Ces derniers temps, les relations s’étaient apaisées entre le Palais présidentiel et l’archevêque. Et bon nombre d’Argentins pensent que le gouvernement Kirchner « va désormais chercher à récupérer le pape, en le faisant passer pour un péroniste, voire pour un kirchnériste », résume Brenda Struminger, journaliste politique du site Web du quotidien d’opposition La Nacion. D’autant que les élections législatives d’octobre prochain s’annoncent serrées pour le parti de la présidente.

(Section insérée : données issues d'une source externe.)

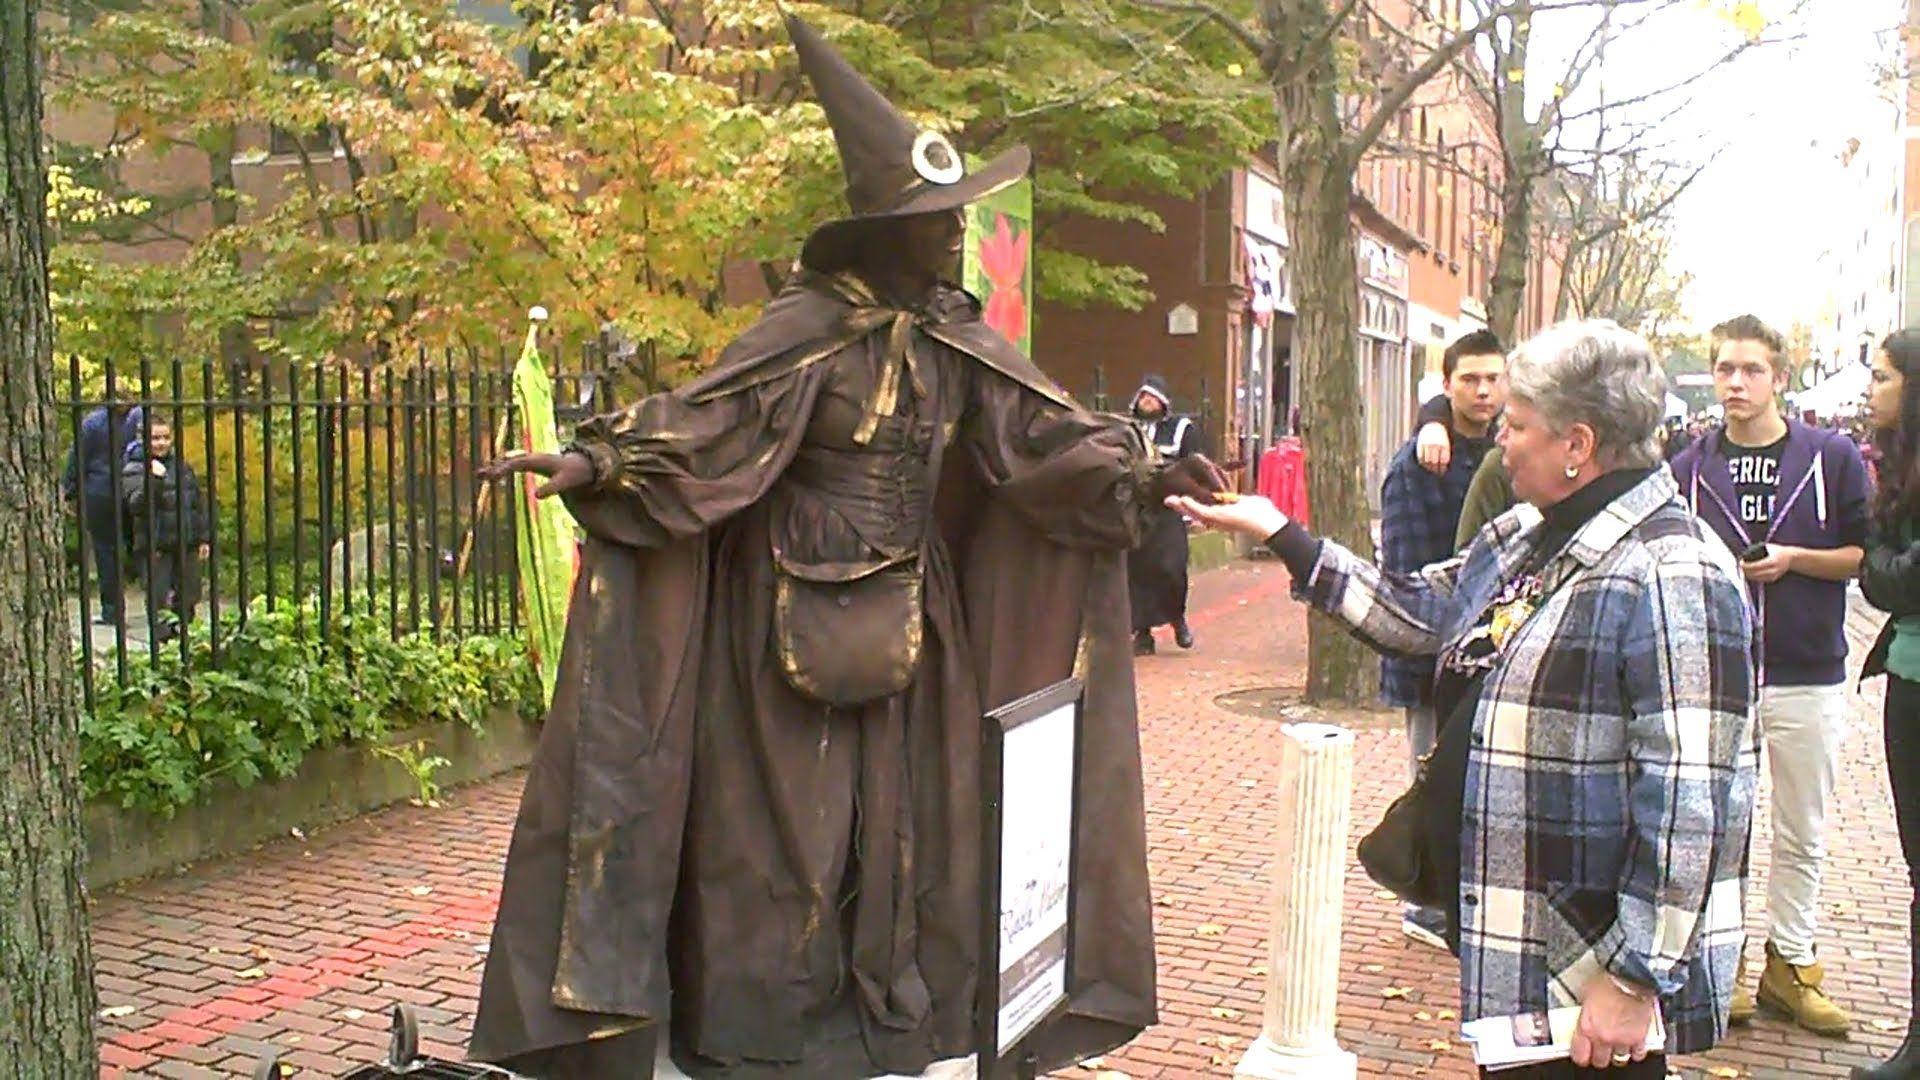 Halloween Mädchen Kostüme Inspirierend Salem Massachusetts Halloween Festivities the Parade Of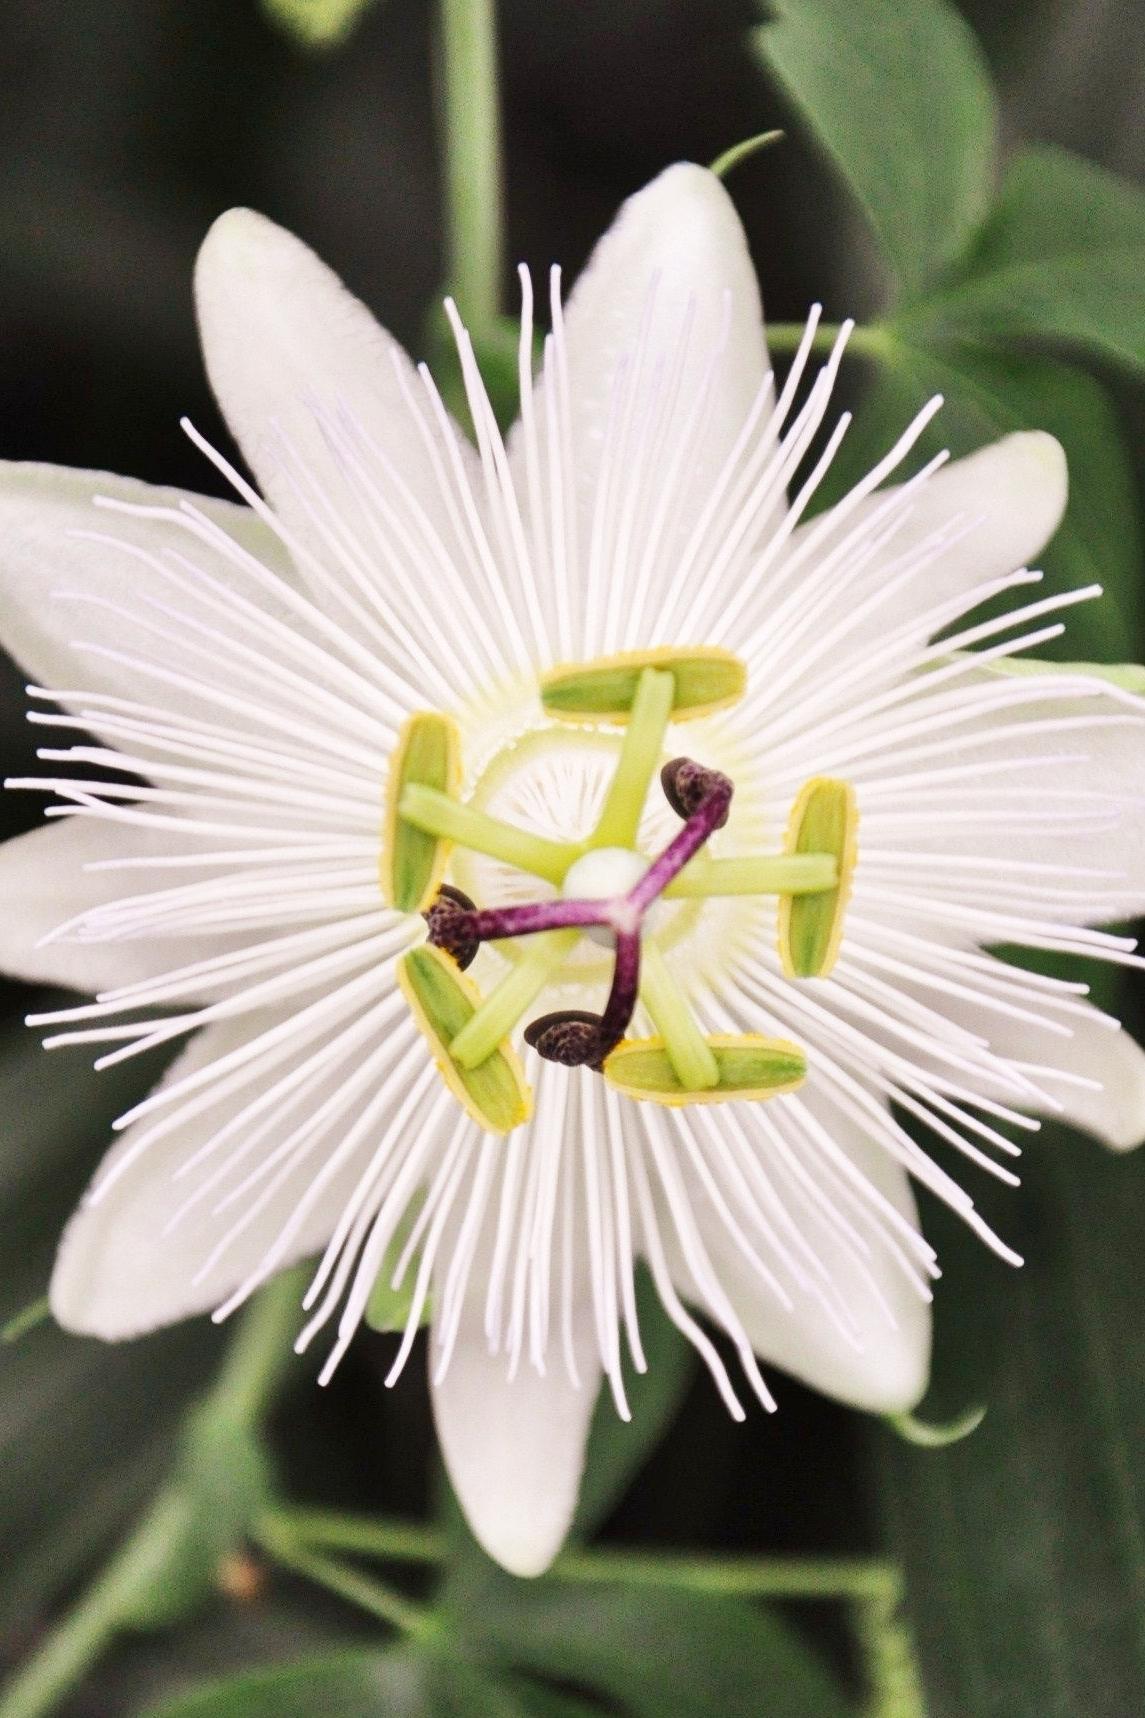 Kletterpflanze mit Blüten- und Fruchtschmuck

Face à ces différentes accusations, deux des principaux défenseurs des droits de l’homme en Argentine ont démenti catégoriquement que le P. Bergoglio ait été complice de la dictature militaire. « Il y a eu des évêques complices, mais pas Bergoglio », a précisé la semaine dernière le prix Nobel de la paix Adolfo Pérez Esquivel à la chaîne britannique BBC. Quant à l’ancienne médiatrice du pays et amie de plus de quarante ans du pape, Alicia Oliveira, qui était juge en 1973 et fut persécutée en 1976, elle fut péremptoire dans les colonnes du quotidien Clarin : « Lorsque quelqu’un était contraint de fuir le pays, le P. Bergoglio était toujours à ses côtés. » 

(1) Un livre a été consacré à La Disparue de San Juan, par Philippe Broussard, Stock, 2011.

(2) Ses quatre volumes de La Mano izquierda de Dios ne sont pas traduits en français.

CLAIRE LESEGRETAIN (avec ÉRIC DOMERGUE), à Buenos Aires.